(Material provided)
=== Section Start ===
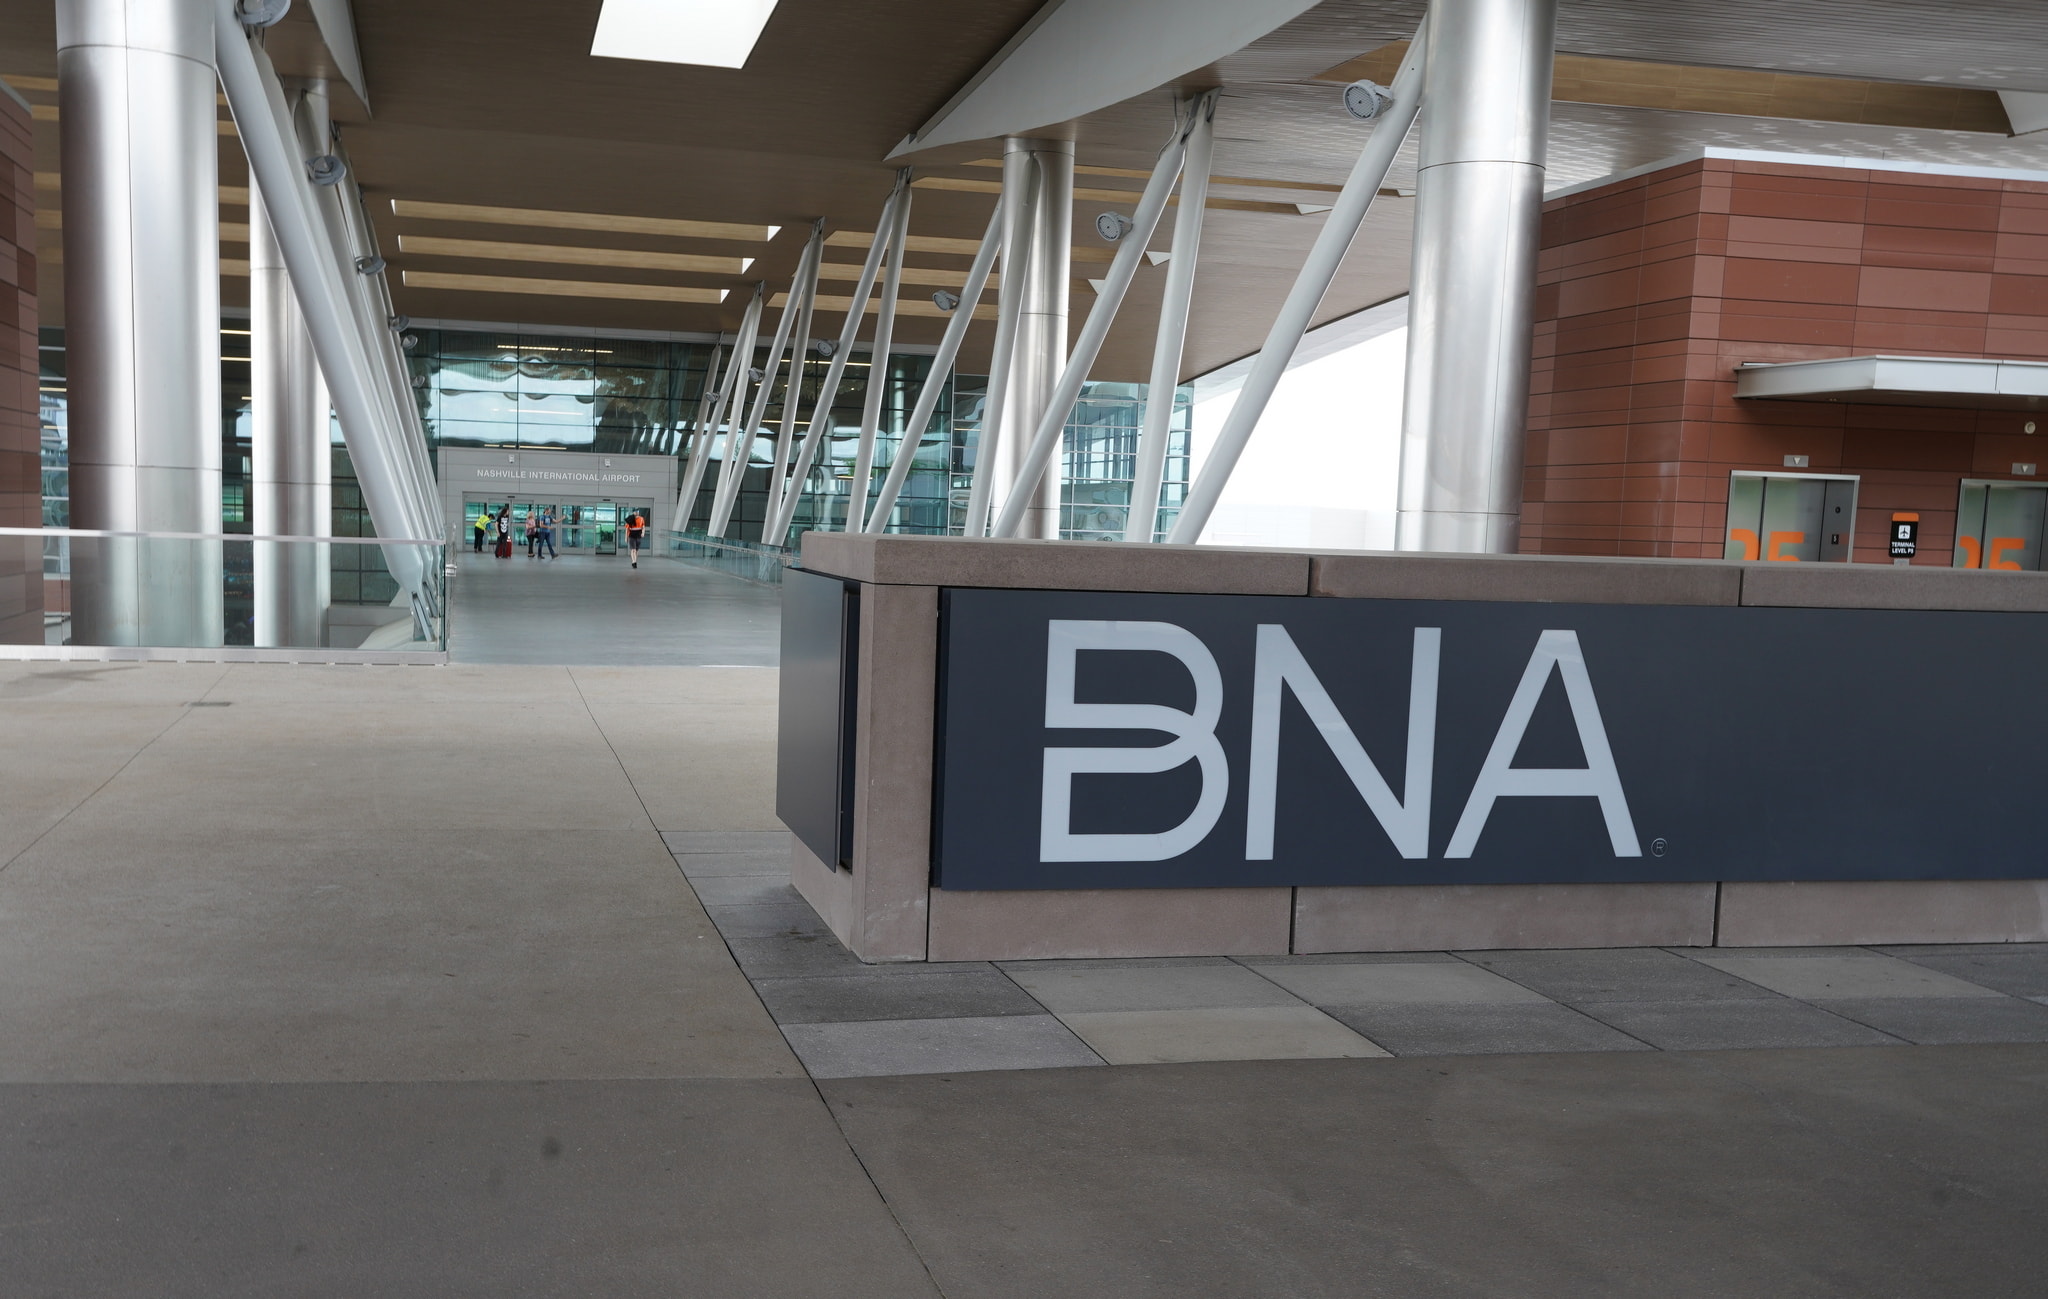 outside Nashville Airport with BNA sign end airport entrance.
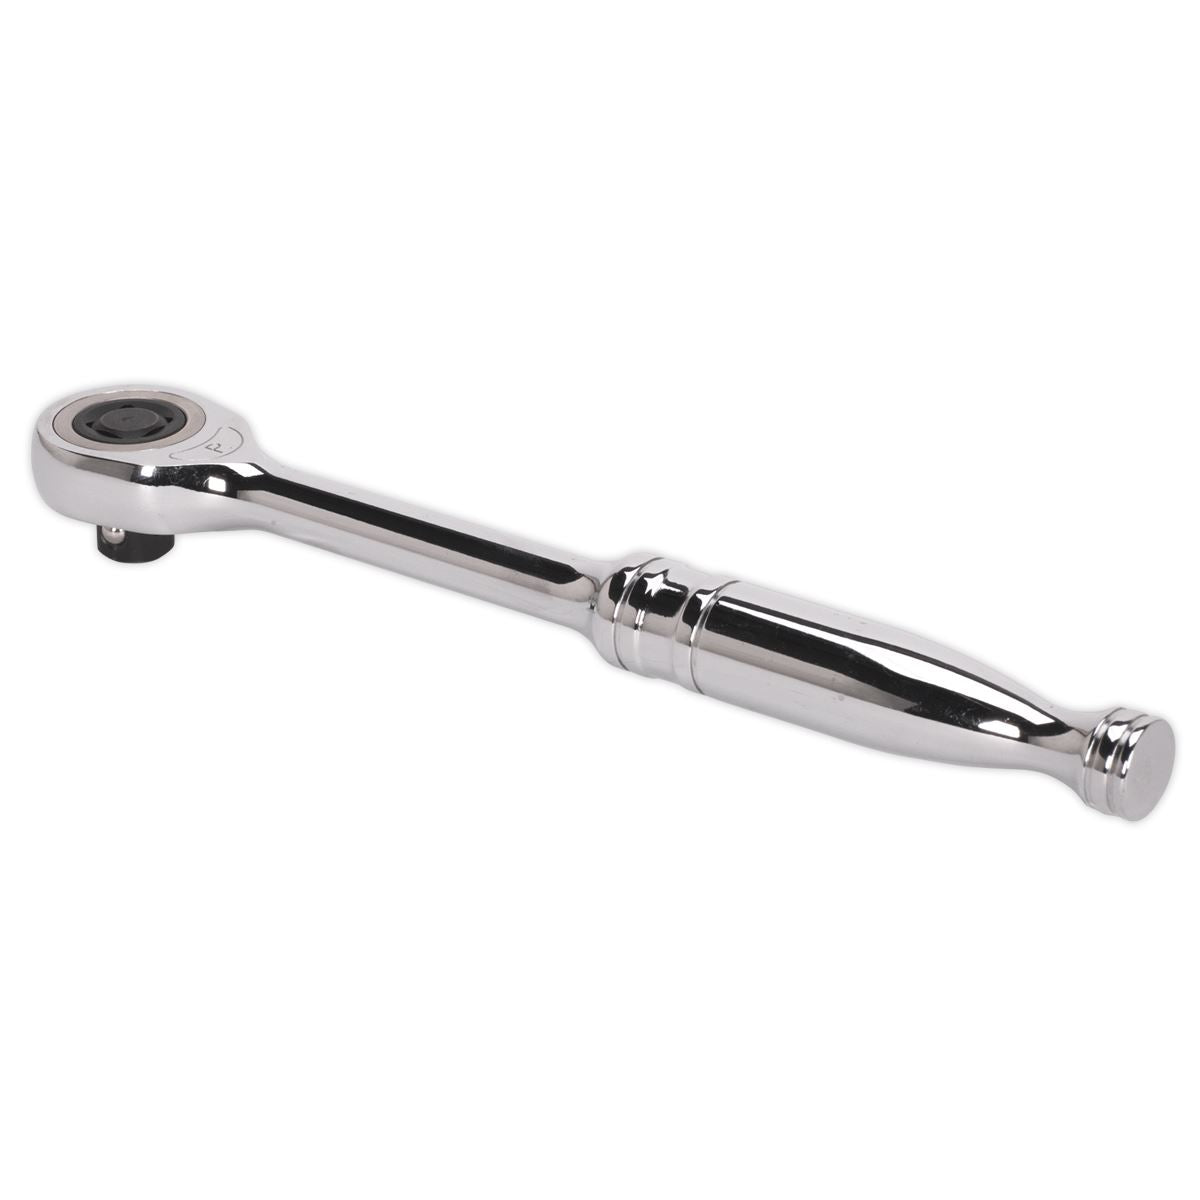 Sealey Premier Gearless Ratchet Wrench 3/8"Sq Drive - Push-Through Reverse
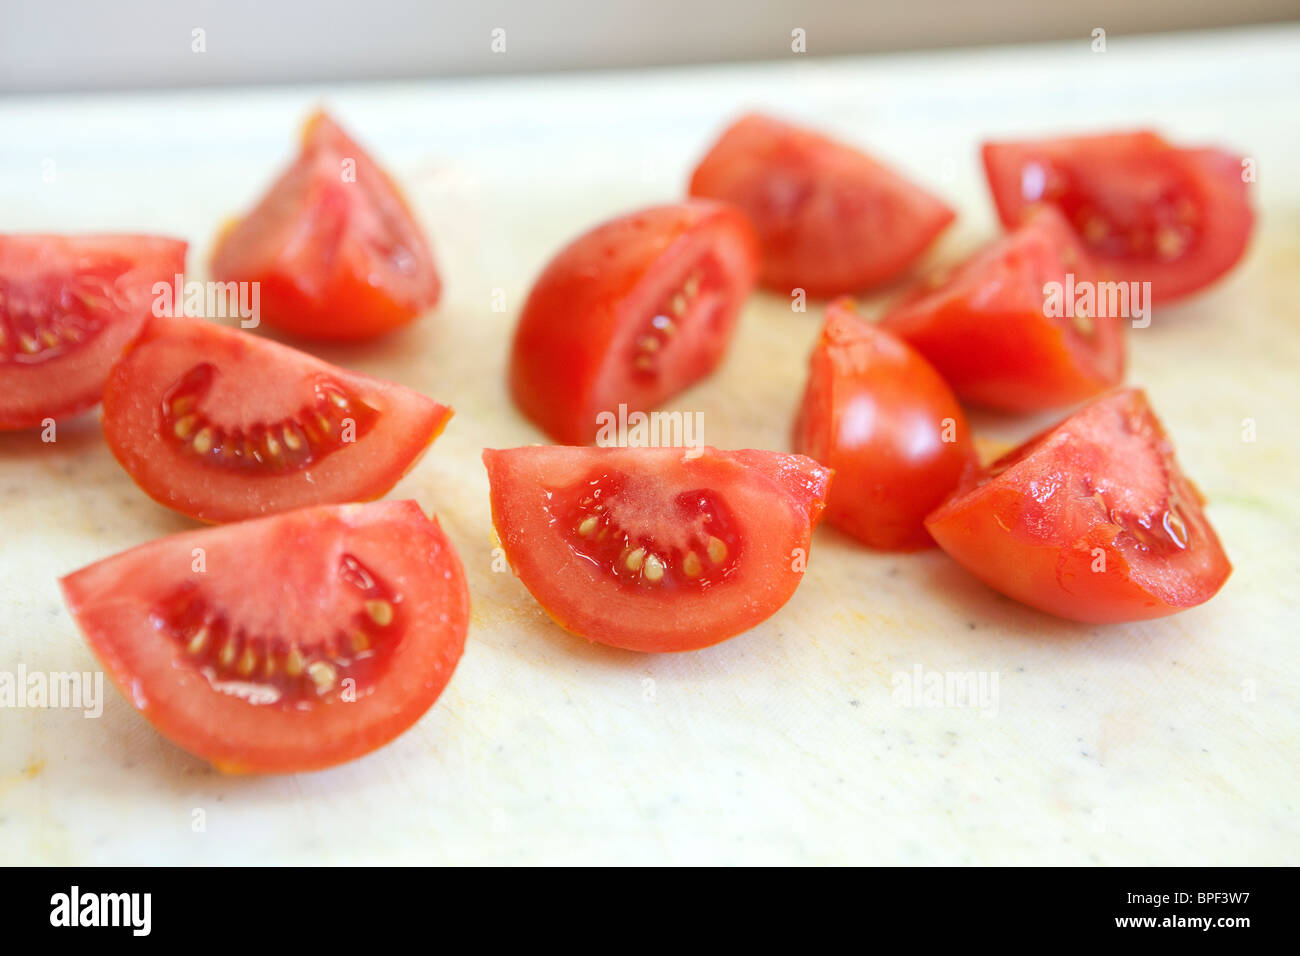 tomatoes prepared for a meal Stock Photo
=== Section End ===
(What you have to do) Extract the full listing exactly, with the pictures left out.

(Answer below)
 outside Nashville Airport with BNA sign end airport entrance.
 Sealey Premier Gearless Ratchet Wrench 3/8"Sq Drive - Push-Through Reverse
 tomatoes prepared for a meal Stock Photo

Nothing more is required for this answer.